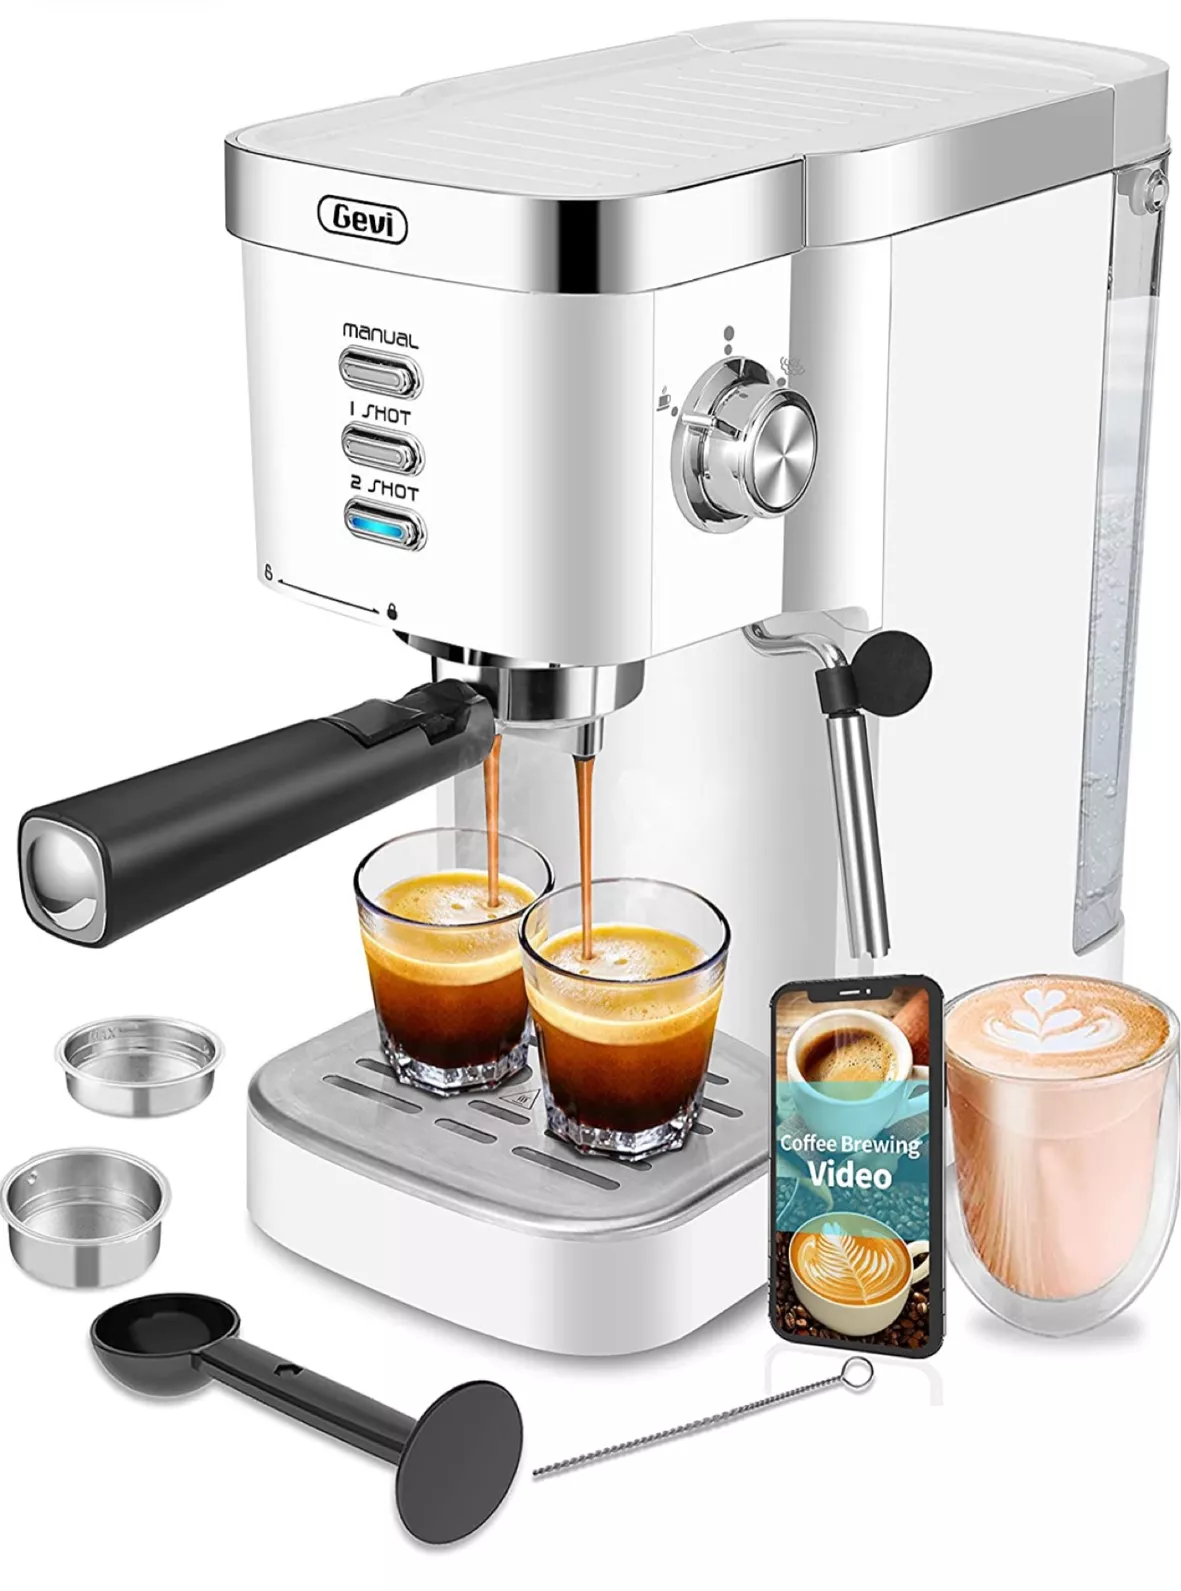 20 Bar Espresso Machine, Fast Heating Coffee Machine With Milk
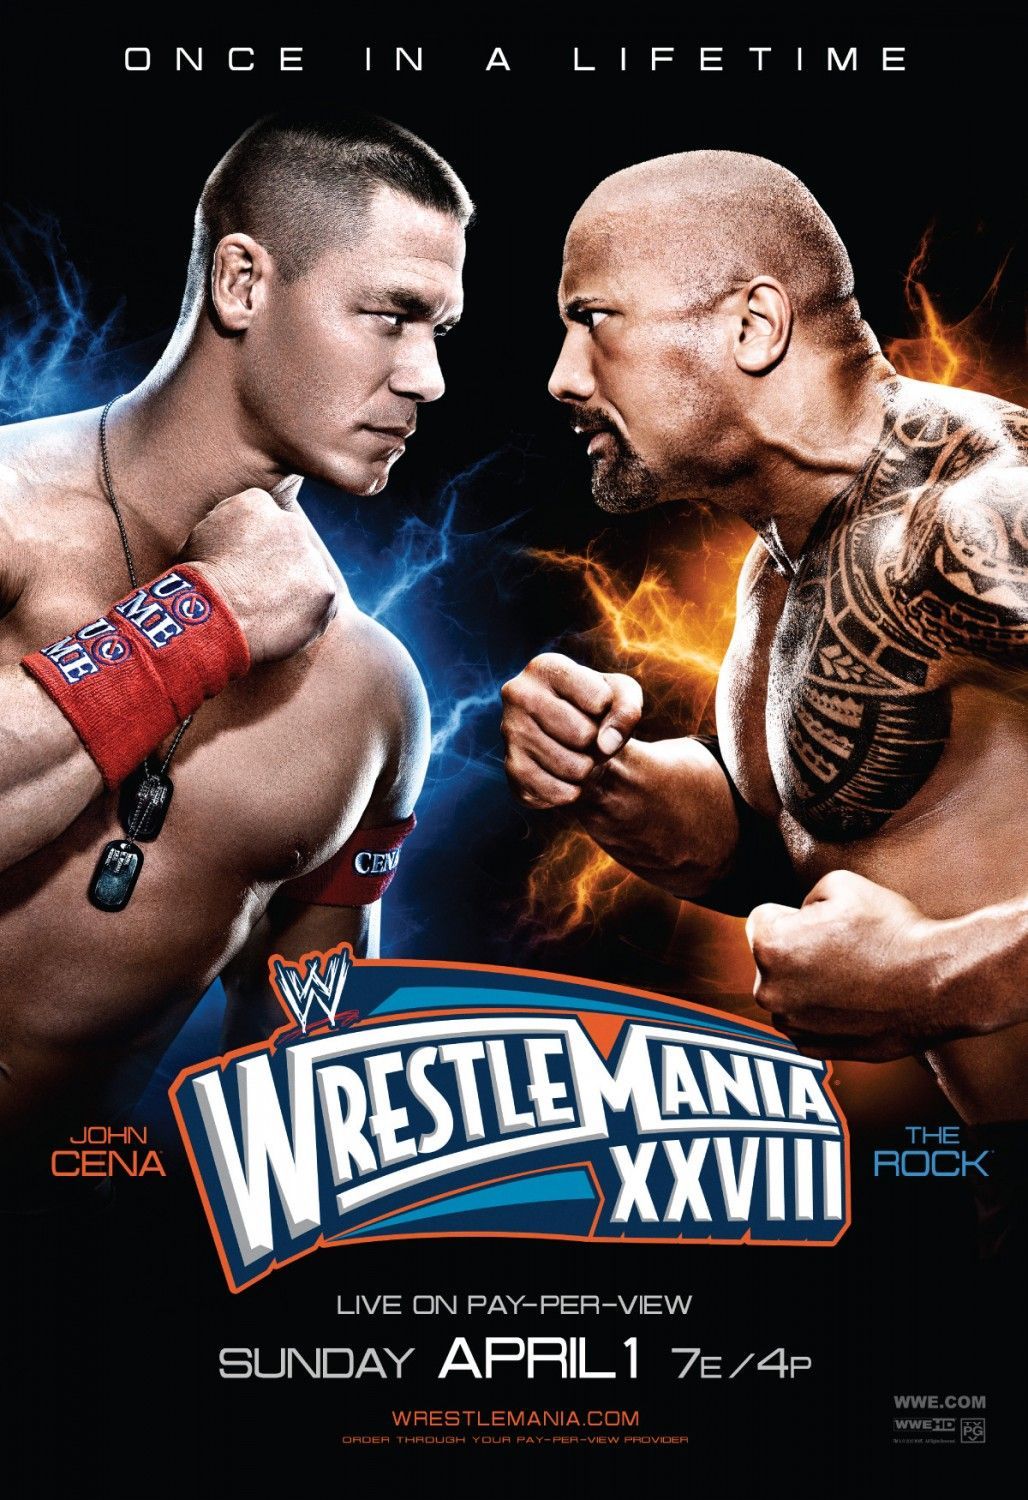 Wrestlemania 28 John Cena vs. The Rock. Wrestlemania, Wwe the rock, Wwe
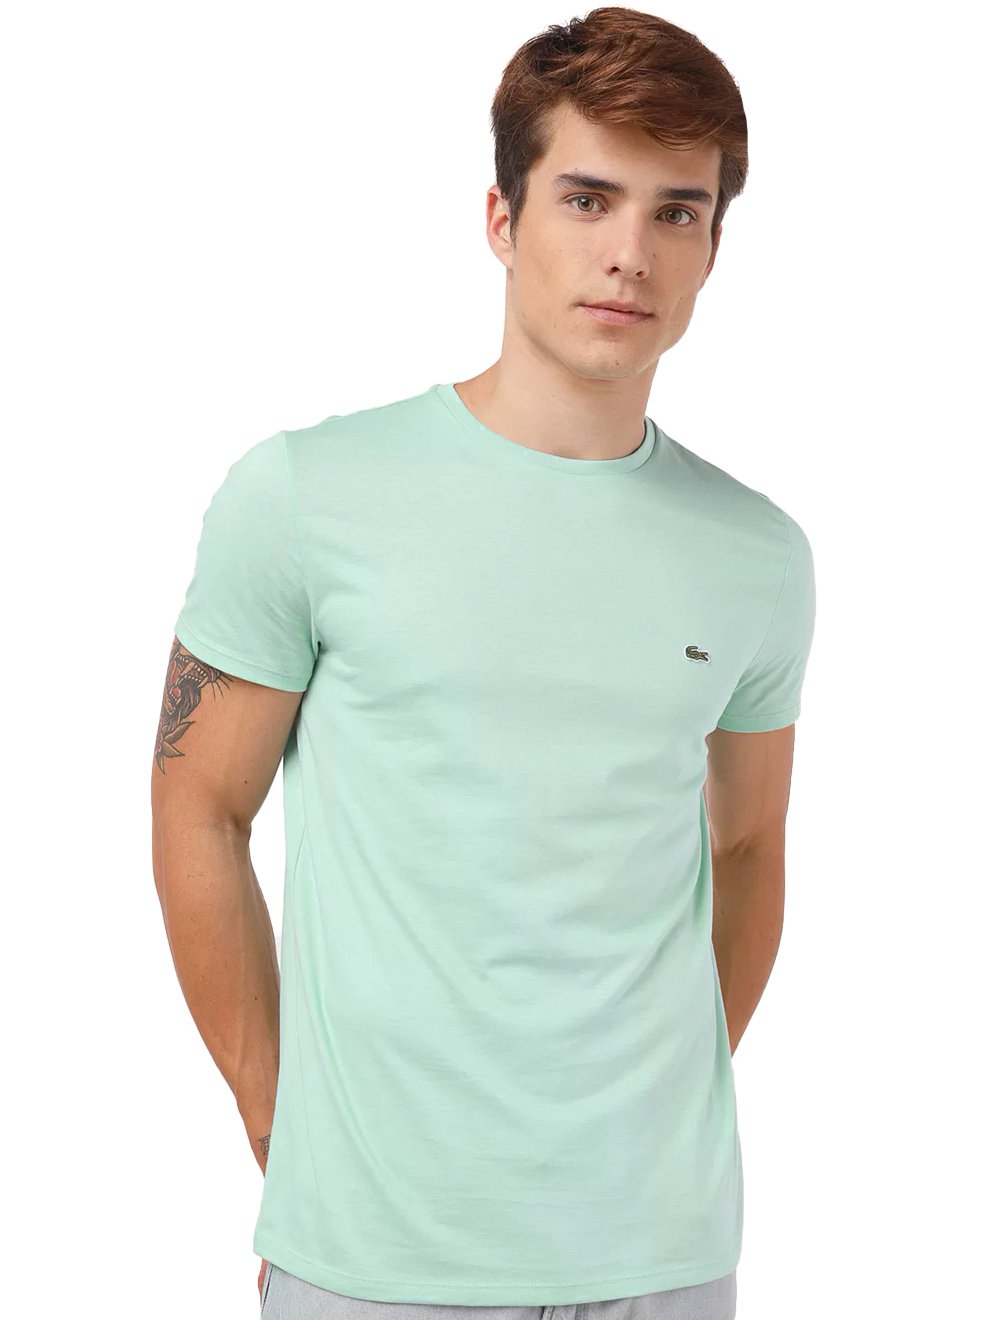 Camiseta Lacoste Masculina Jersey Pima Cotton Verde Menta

-- -- --

- _Aim of the task_:
Except for the pictures, write the data out exactly.

- _Written reply_:
 20 Bar Espresso Machine, Fast Heating Coffee Machine With Milk
 Wrestlemania 28 John Cena vs. The Rock. Wrestlemania, Wwe the rock, Wwe
 Camiseta Lacoste Masculina Jersey Pima Cotton Verde Menta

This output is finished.